From Claude-Julien Bredin   6 janvier 1811

[122] Lyon 6 janvier 1811
C.J Bredin, professeur à l’École impériale vétérinaire de Lyon, à son ami Ampère

Mon ami, qu'était-il besoin de me dire que tu ne tiens pas à la vie ! Ne sais-je pas trop bien que cette misérable existence, si pénible pour tous ceux qui y sont condamnés, est mille fois plus douloureuse encore pour toi que pour le plus grand nombre des autres. Si la tournure de ton esprit, si la vivacité et la prodigieuse activité de ton imagination te donnent de nombreux plaisirs, ce ne sont que des jouissances incomplètes, fausses et passagères, qui laissent ton cœur vide de bonheur, mais toujours rempli de mille sentiments pénibles que tu es ingénieux à trouver, à créer. Mon pauvre ami, plus je pense à ta façon de sentir, plus je sens que tu es le plus malheureux des hommes que je connais. Tu as perdu ce qui seul pouvait te faire supporter le fardeau qui, à cette heure, t'accable.

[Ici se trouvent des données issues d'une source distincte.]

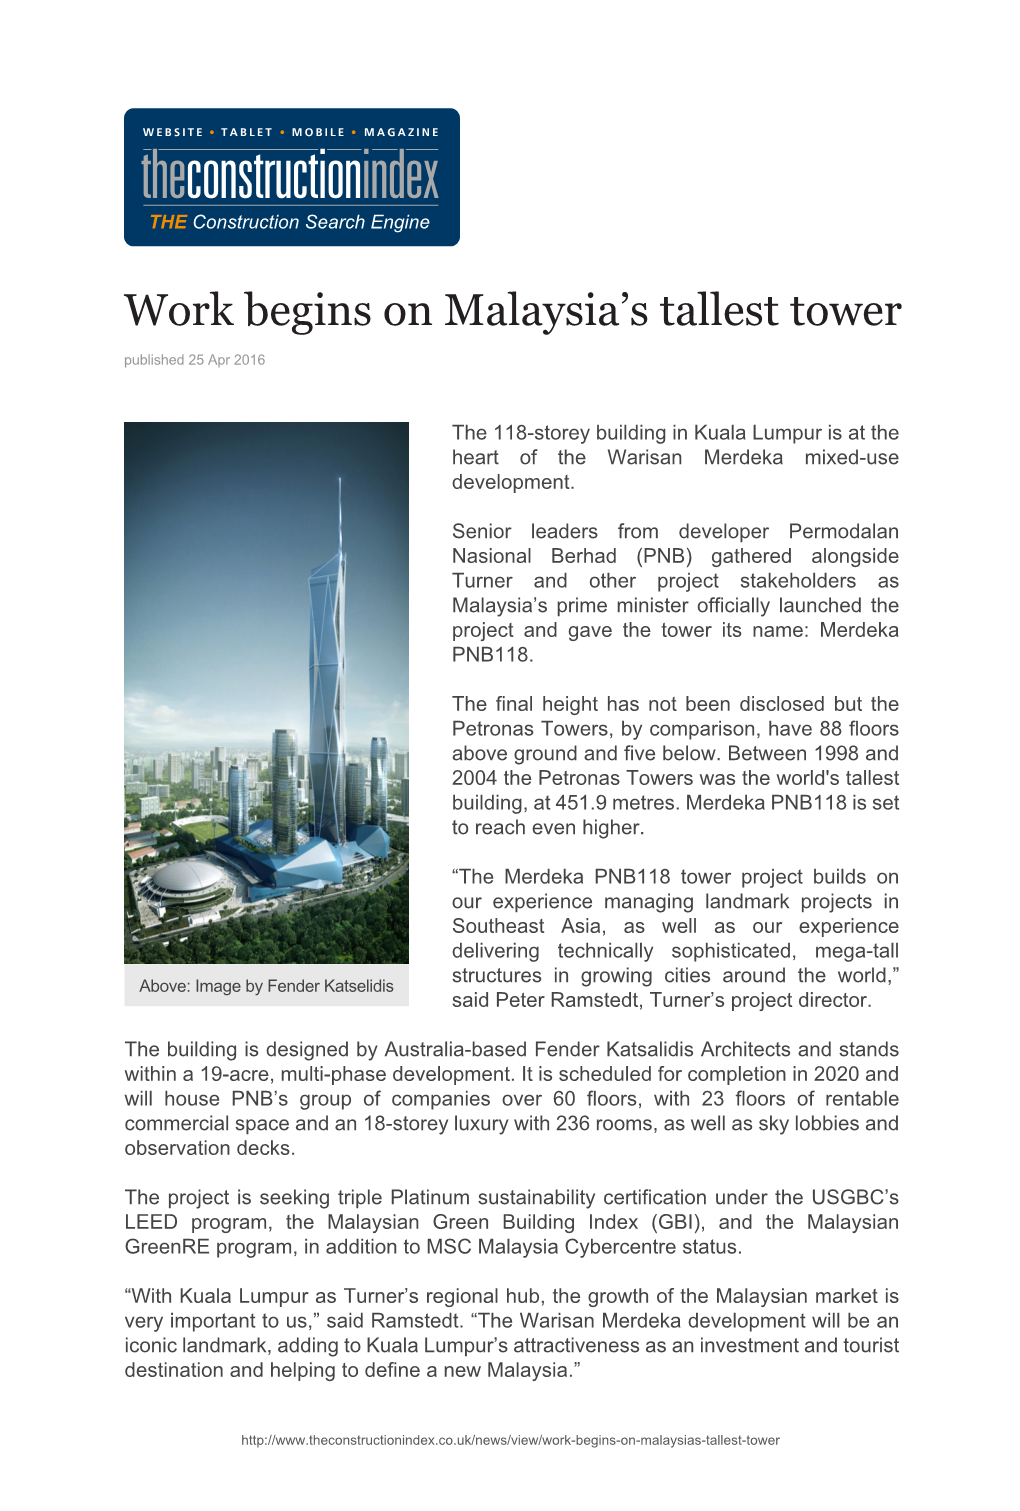 Work Begins on Malaysia's Tallest Tower

Mon ami, cette vie ne peut être supportable en elle-même que pour des gens qui sont nés avec une organisation tout opposée à la tienne.[123] Il faut être marionnette avec les autres marionnettes. Il faut être une machine parlante, ne s'occuper qu'à gagner de l'argent, à s'habiller mesquinement et à montrer l'esprit qu'on a ou celui qu'on croit avoir. Mais malheur à celui qui pense dans ce monde, s'il n'a pas le courage de fouler le monde au pied ! Malheur surtout à celui qui a un cœur, s'il n'a pas la force de le donner à celui-là seul qui peut le remplir ![illeg]

Cependant nous avons nos compensations. Pour toi, mon ami (mais, hélas, quelles tristes compensations !), l'étourderie, la vivacité, l'étonnante activité de ton imagination. C'est une tempête qui, dans ses plus grandes violences, t'empêche de sentir tes autres douleurs.

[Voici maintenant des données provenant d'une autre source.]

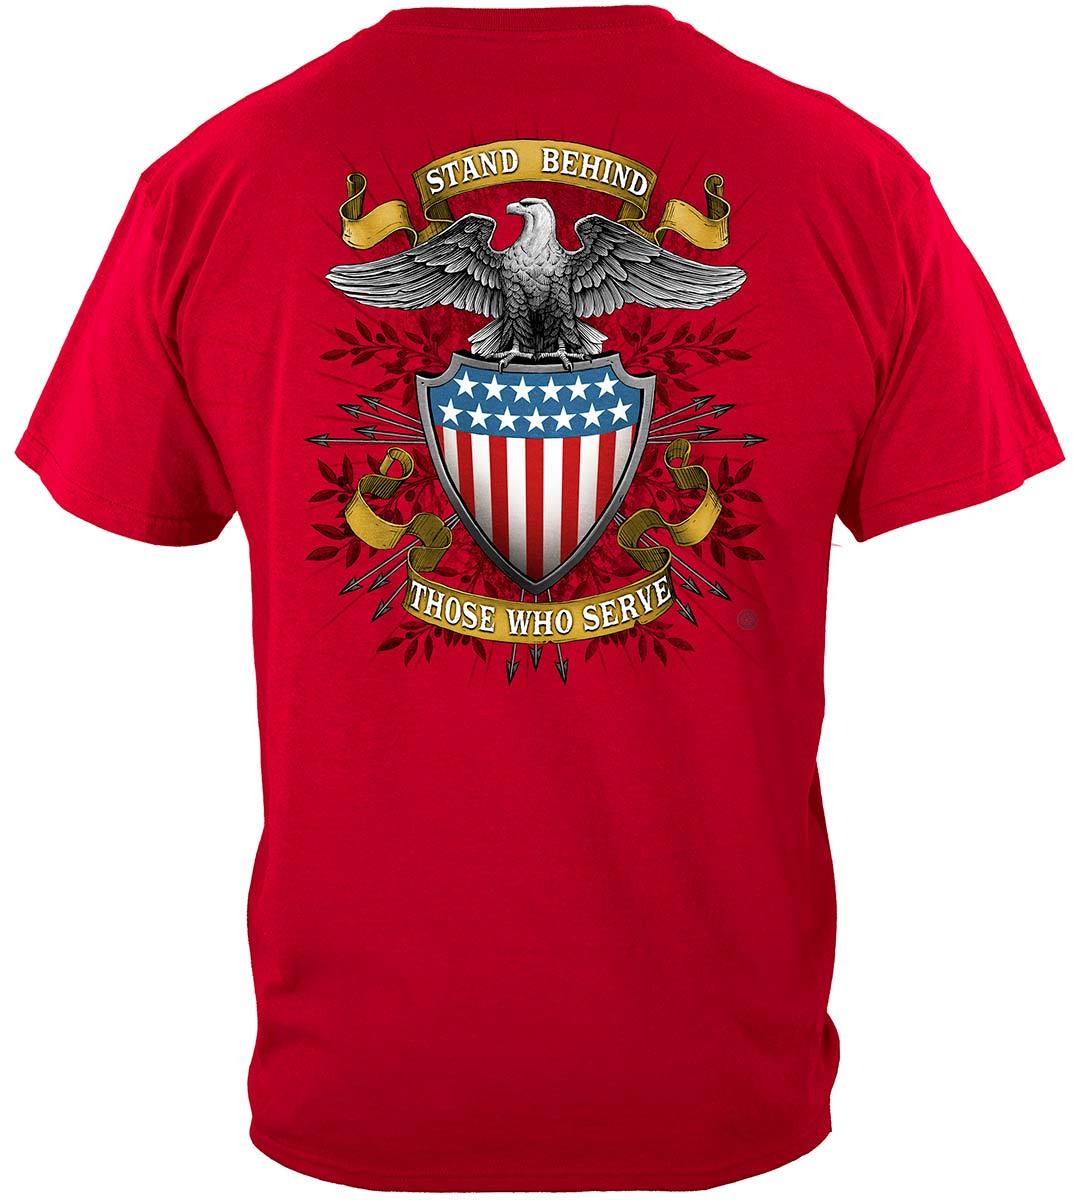 Stand Behind Those Who Serve Premium T-Shirt

Pour moi, la croyance en un Dieu qui veille sur moi [illeg] [124] [illeg] Tu me parles de chagrins que tu ne peux pas m'expliquer par écrit 1 [illeg] Ta lettre d'hier est terrible. Fais que je te comprenne un peu ! Je t'en prie, réponds-moi sur-le-champ, je ne demande que trois lignes[illeg] [125] [illeg]

(2) C'est le commencement du roman de La Constante Amitié, dont Ampère va parler sans cesse par allusions mystérieuses. Voir Lettre 0378, 0379 et surtout 0385 et planche XII.